The Resurgence of SPACs
The SPAC market also staged a significant recovery in 2025, reaching its third-highest level on record, just behind the frenzied years of 2020 and 2021. With 88 more SPACs listed than in 2024, the instrument demonstrated renewed, if still cautious, investor interest. A notable 120 of the 2025 SPACs were still actively seeking targets by year-end, with 24 having already announced deals. This contrasts sharply with the liquidation rates seen in earlier vintages, particularly the 50% liquidation rate for 2021 SPACs, underscoring the inherent risks and the two-year window typically available for deal completion.
The median SPAC in 2025 raised $200 million, a figure largely consistent with pre-2021 levels. This indicates a return to more conservative capital-raising targets compared to the peak years. Active SPACs, still searching for targets, traded in a tight range around $10, with an average price of $10.47 and a median of $10.28. Even those that had announced deals mostly remained close to this benchmark, suggesting a market that has learned from past speculative excesses. The era of easy money for SPACs is over; the focus is now on viable targets and realistic valuations.
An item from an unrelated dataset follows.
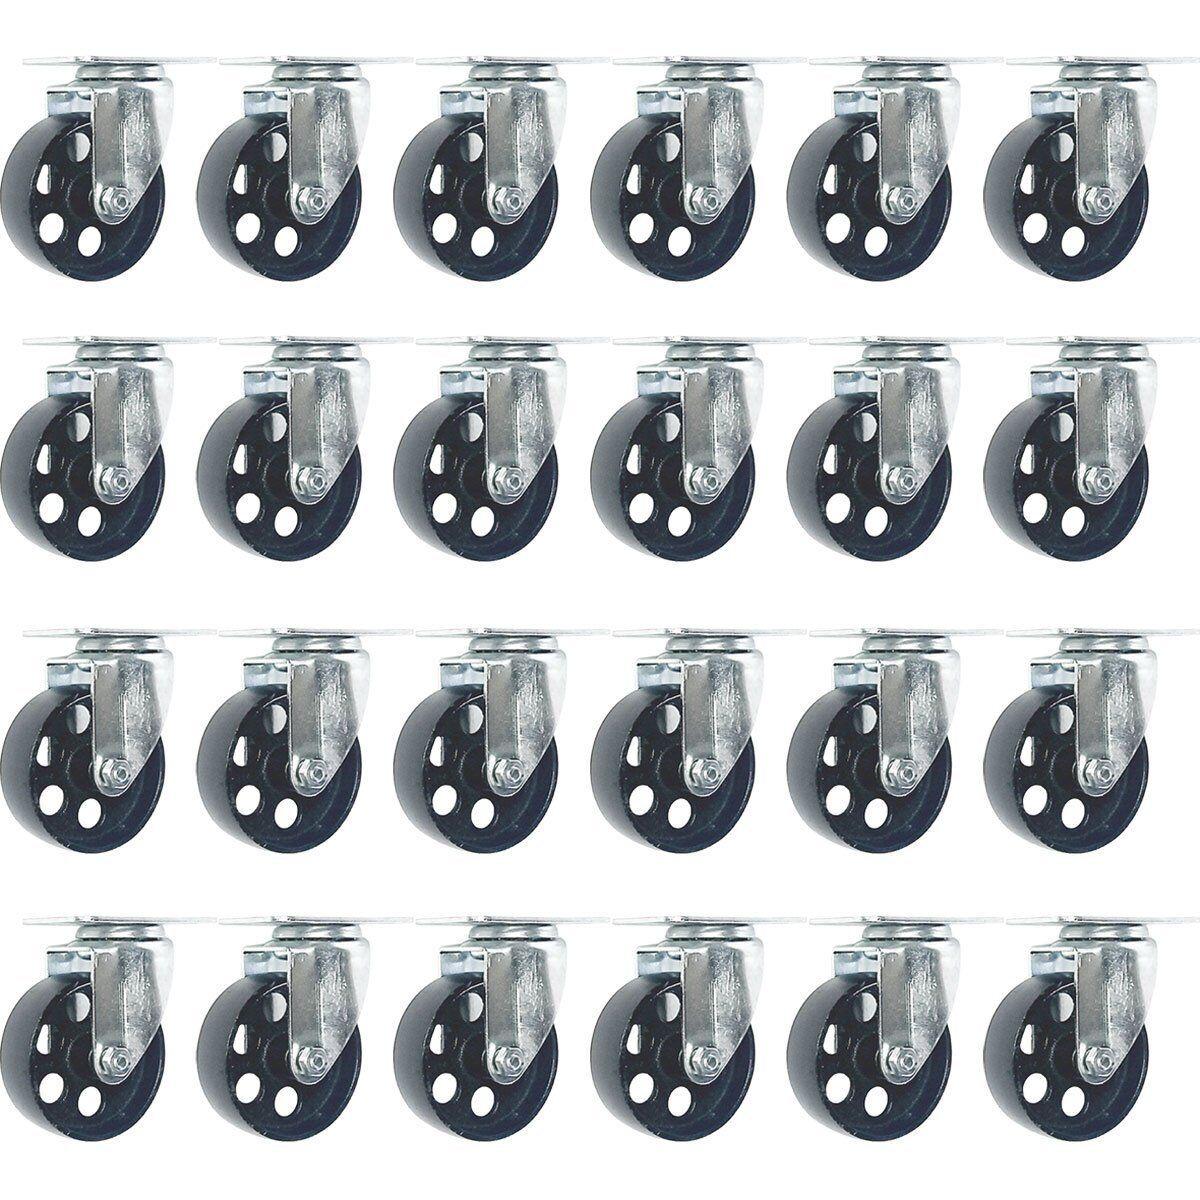 24 All Steel Swivel Caster Wheels Heavy Duty Steel (4  No Brake)

The market remains discerning.Looking ahead, 2025's performance sets a robust stage for 2026. The 'IPO pulse' predicts continued strength, with a pipeline of potential listings including several 'centicorns'—companies valued at $100 billion or more. Names like SpaceX, OpenAI, ByteDance, Anthropic AI, Databricks, and Stripe are frequently cited. Driven largely by ongoing investments in artificial intelligence, some estimates suggest companies worth a combined $3 trillion could go public in 2026. This potential influx of high-value listings could indeed make 2026 a historic year for the IPO market, but the lessons from 2025's nuanced performance—particularly the divergence between initial pop and sustained returns, and the selective nature of sector performance—will be crucial for navigating what promises to be a dynamic landscape. The market has shown it can absorb significant capital, but it has also demonstrated a clear preference for substance over mere speculation, a trend that is likely to intensify.